Où il est question d’ours bruns et d’ours blancs, de la notion d’espèce, et des phylogénies basées sur l’ADN mitochondrial

C’est dans la presse : on a retrouvé la grand-mère des ours polaires ! Attention, de tous les ours polaires. Dans une dépêche AFP [Afp] reprise çà et là, la biologiste Beth Shapiro l’affirme : « tous les ours polaires vivants descendent d’une ourse brune relativement récente ».

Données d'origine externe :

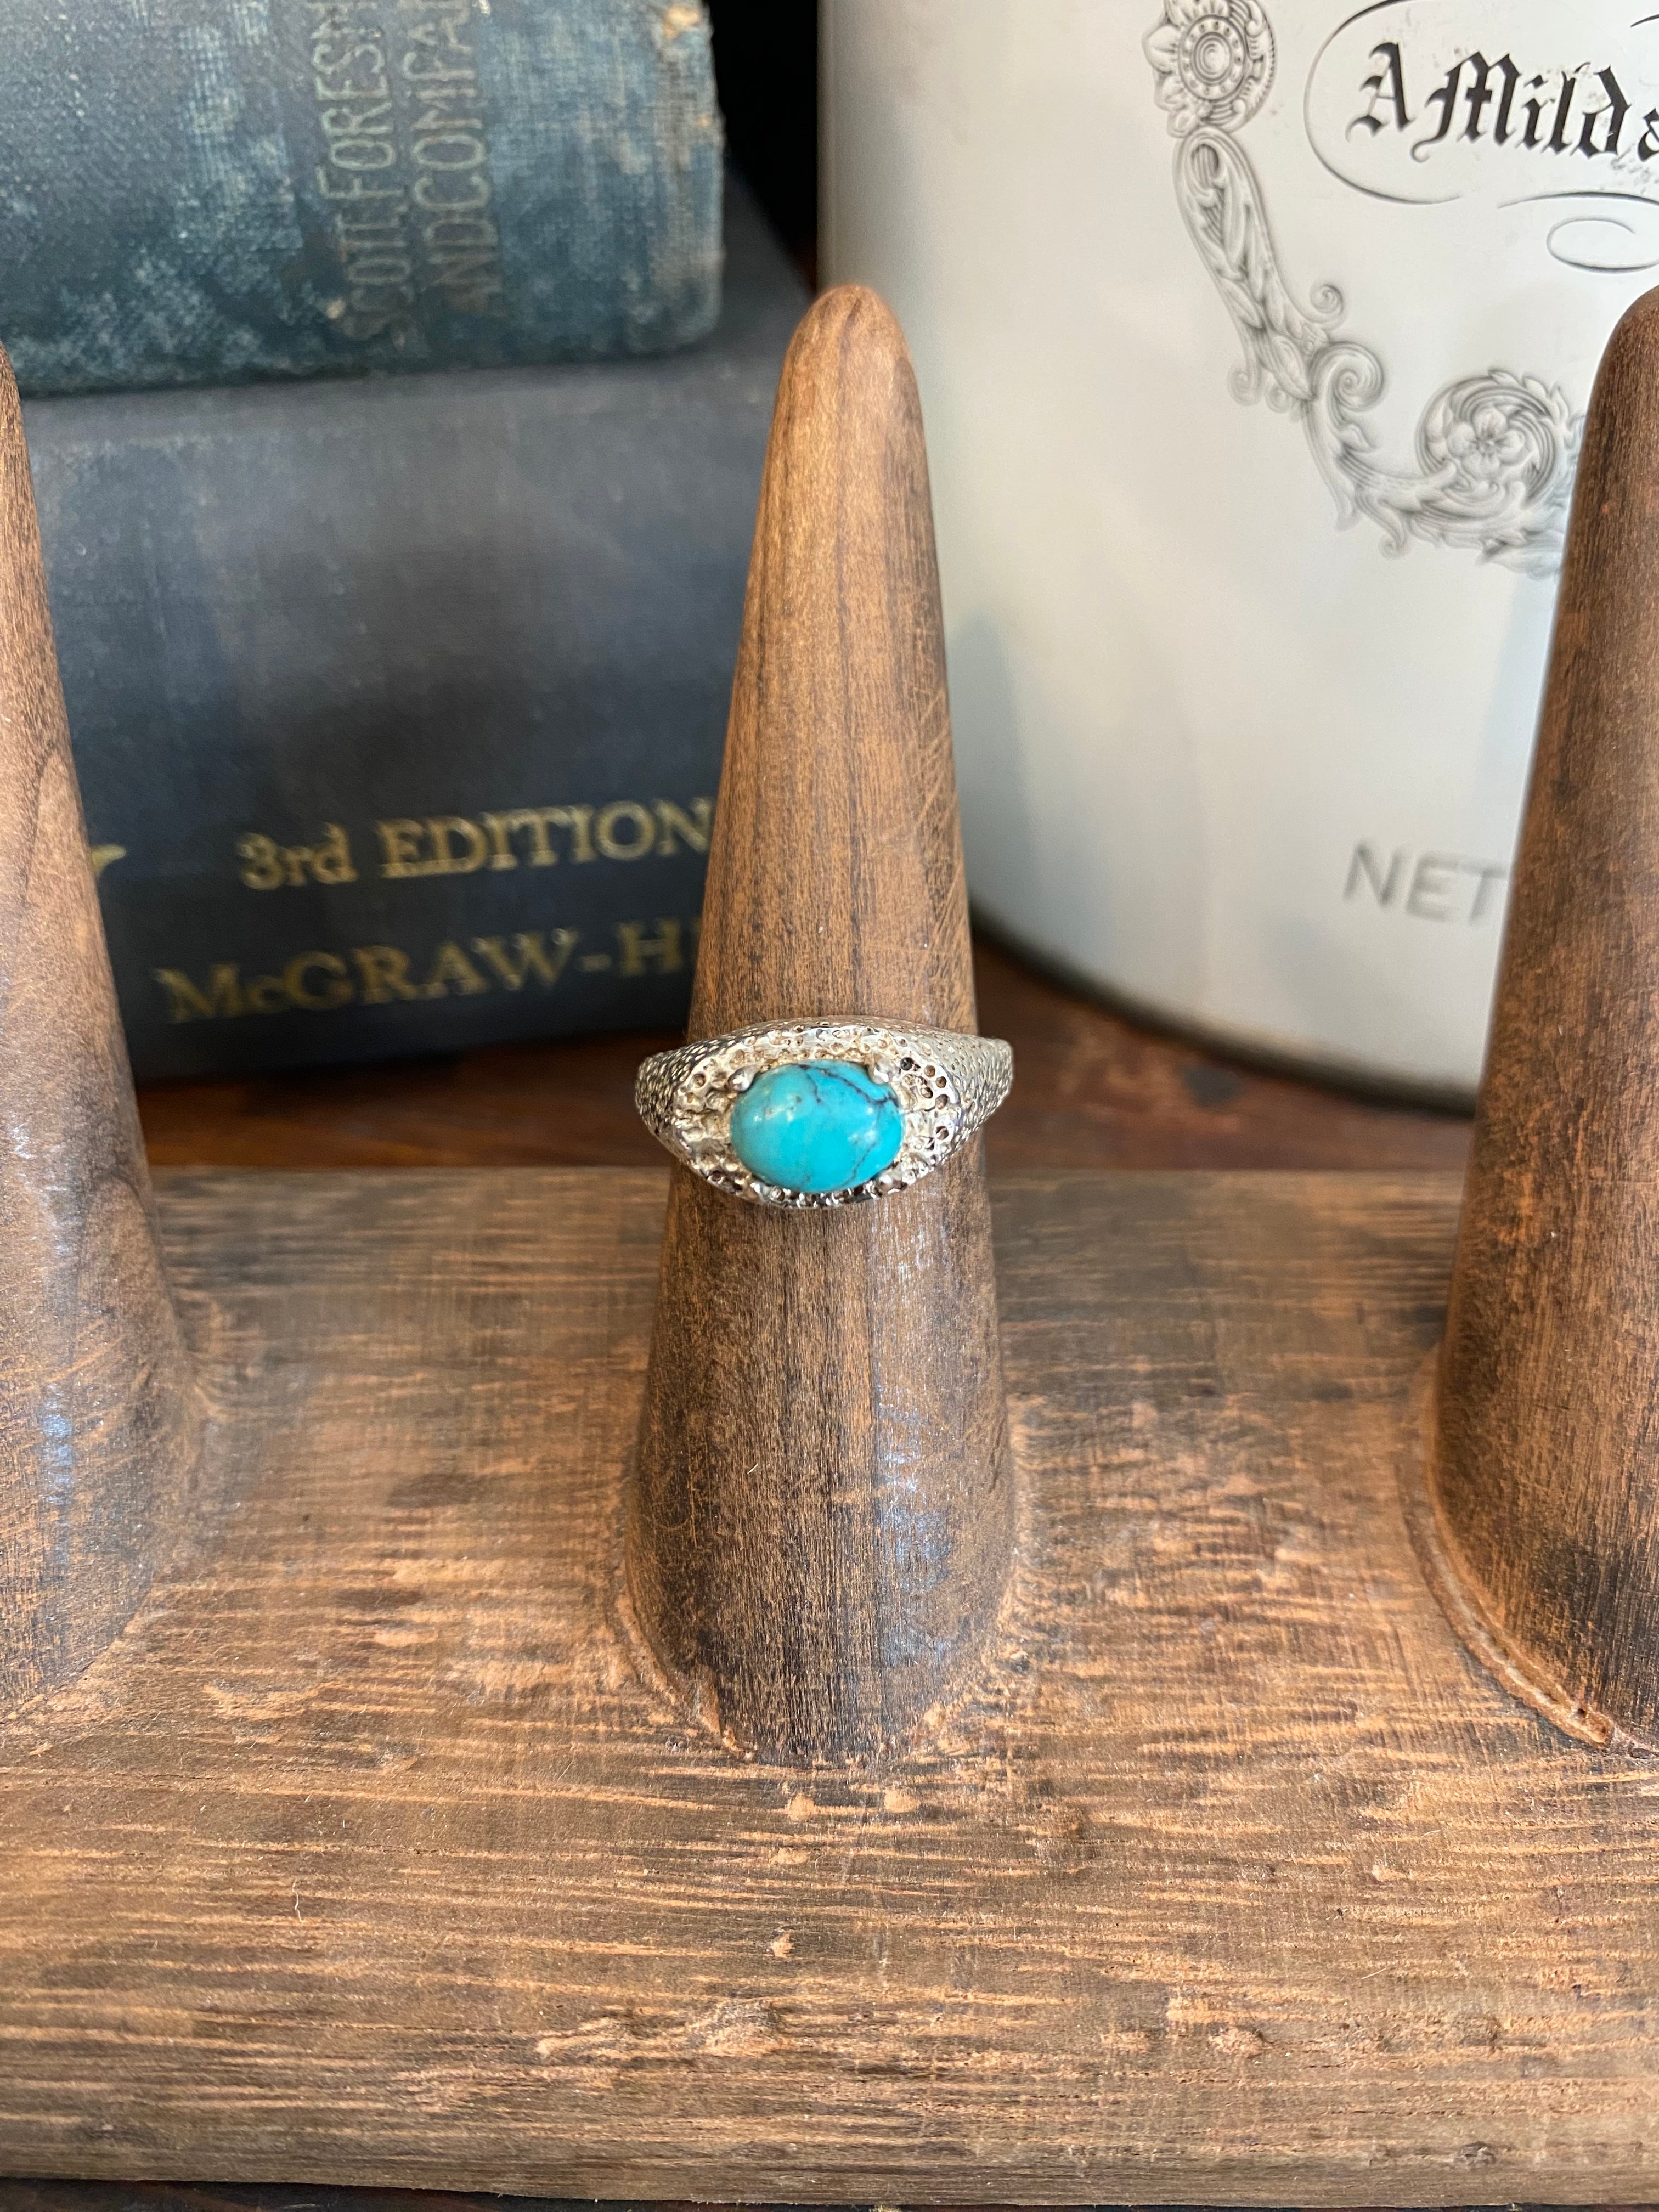 Vintage Sterling Ring With Turquoise Stone The Mustard Seed Collection, The Seed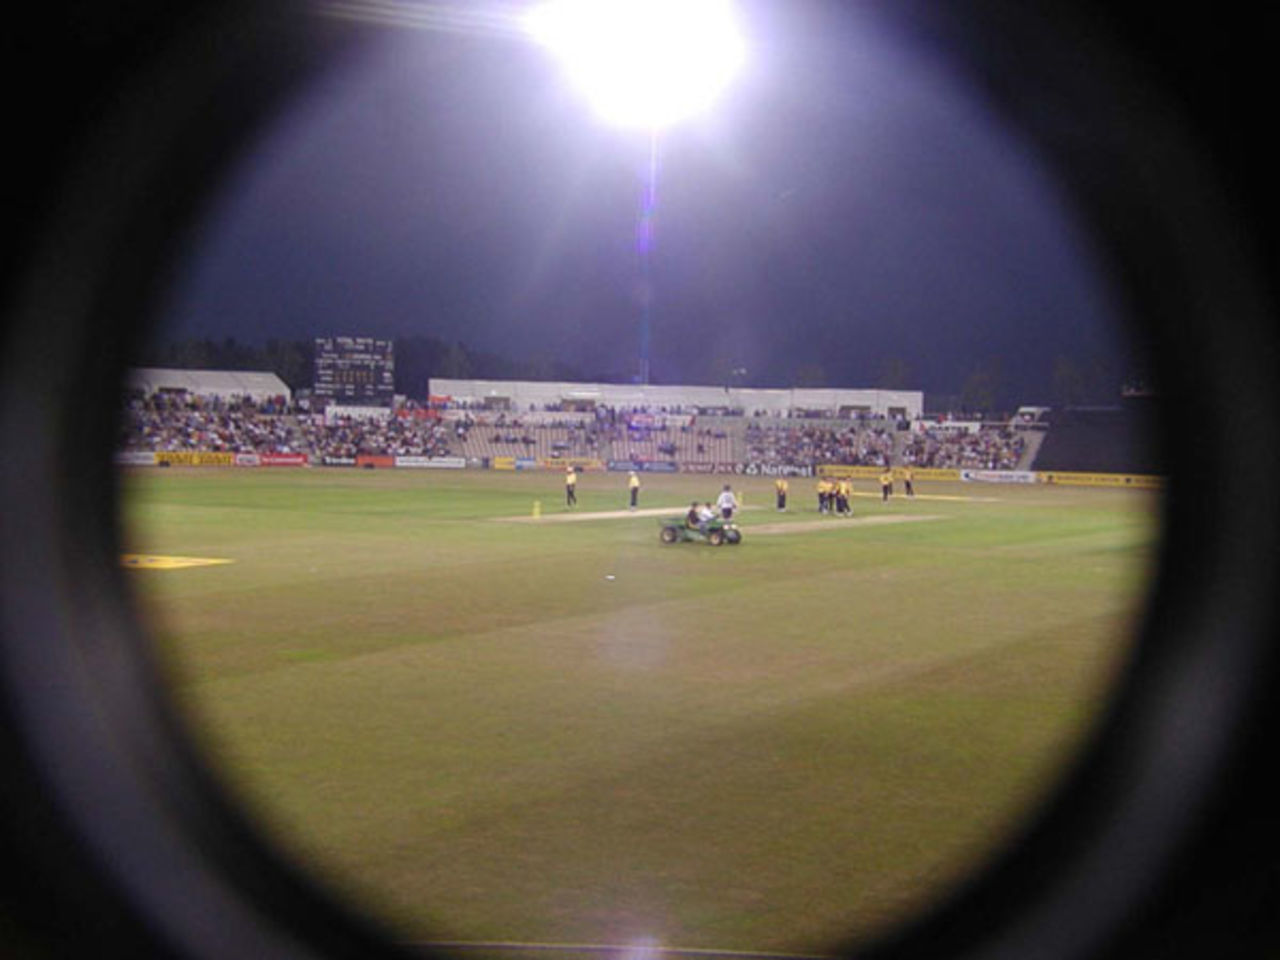 Hampshire scorer and photographer looks through the lens at the Day/Night match

Résumons l’histoire. Il s’agit d’une étude (dirigée précisément par cette madame Shapiro) portant sur 242 échantillons d’ADN mitochondrial d’ours polaires et d’ours bruns, dont des ours irlandais fossiles (les échantillons sont répartis sur les 120 000 dernières années). Les résultats, publiés dans Current Biology sous le titre Ancient Hybridization and an Irish Origin for the Modern Polar Bear Matriline [Ed], impliquent que tous les ours polaires descendent d’une ourse brune irlandaise (le contact entre les populations ayant été possible lors de la dernière glaciation).

Stupeur et confusion. J’ai donc décidé de vous en parler, chers petits amis, car ceci m’inspire des commentaires sur deux choses : primo, la question de l’espèce : si les ours polaires descendent d’une ourse brune, ce sont des ours bruns ! Et secondo, j’ai l’intuition qu’une petite clarification sur l’interprétation qu’on peut faire de cette nouvelle n’est pas tout à fait inutile.

Les ours, combien de divisions ?

Ce qui m’a fait bondir, c’est que j’aurais parié ma culotte contre un crocodile Haribo que les ours polaires et les ours bruns faisaient partie d’espèces différentes. La taxonomie est avec moi : les ours bruns, on les appelle délicatement Ursus arctos, et les ours polaires c’est Ursus maritimus. Et que dire de leur morphologie, leurs habitudes alimentaires ? L’ours brun est omnivore (même s’il ne crache pas sur le gigot d’agneau), l’ours polaire mange surtout du phoque… ’fin vous voyez bien que c’est pas du tout du tout les mêmes bestioles !

Mais dans cette même dépêche AFP, cette bonne Beth insiste : « plusieurs hybrides adultes, comme des « pizzlys » issus du croisement entre un ours polaire et un ours brun grizzly, ont été recensés ces dernières années. ». Et ces hybrides ont même droit à un article dans Wikipédia – on les appelle des pizzlys ou des grolars (personnellement, j’hésiterais avant de leur donner du « gros lard ! » en face). D’autres sources confirment [Gu] : on peut observer des hybridations, et les hybrides sont féconds ! Les ours polaires seraient même plus proches génétiquement de certaines populations d’ours bruns que ne le sont des populations d’ours bruns entre elles.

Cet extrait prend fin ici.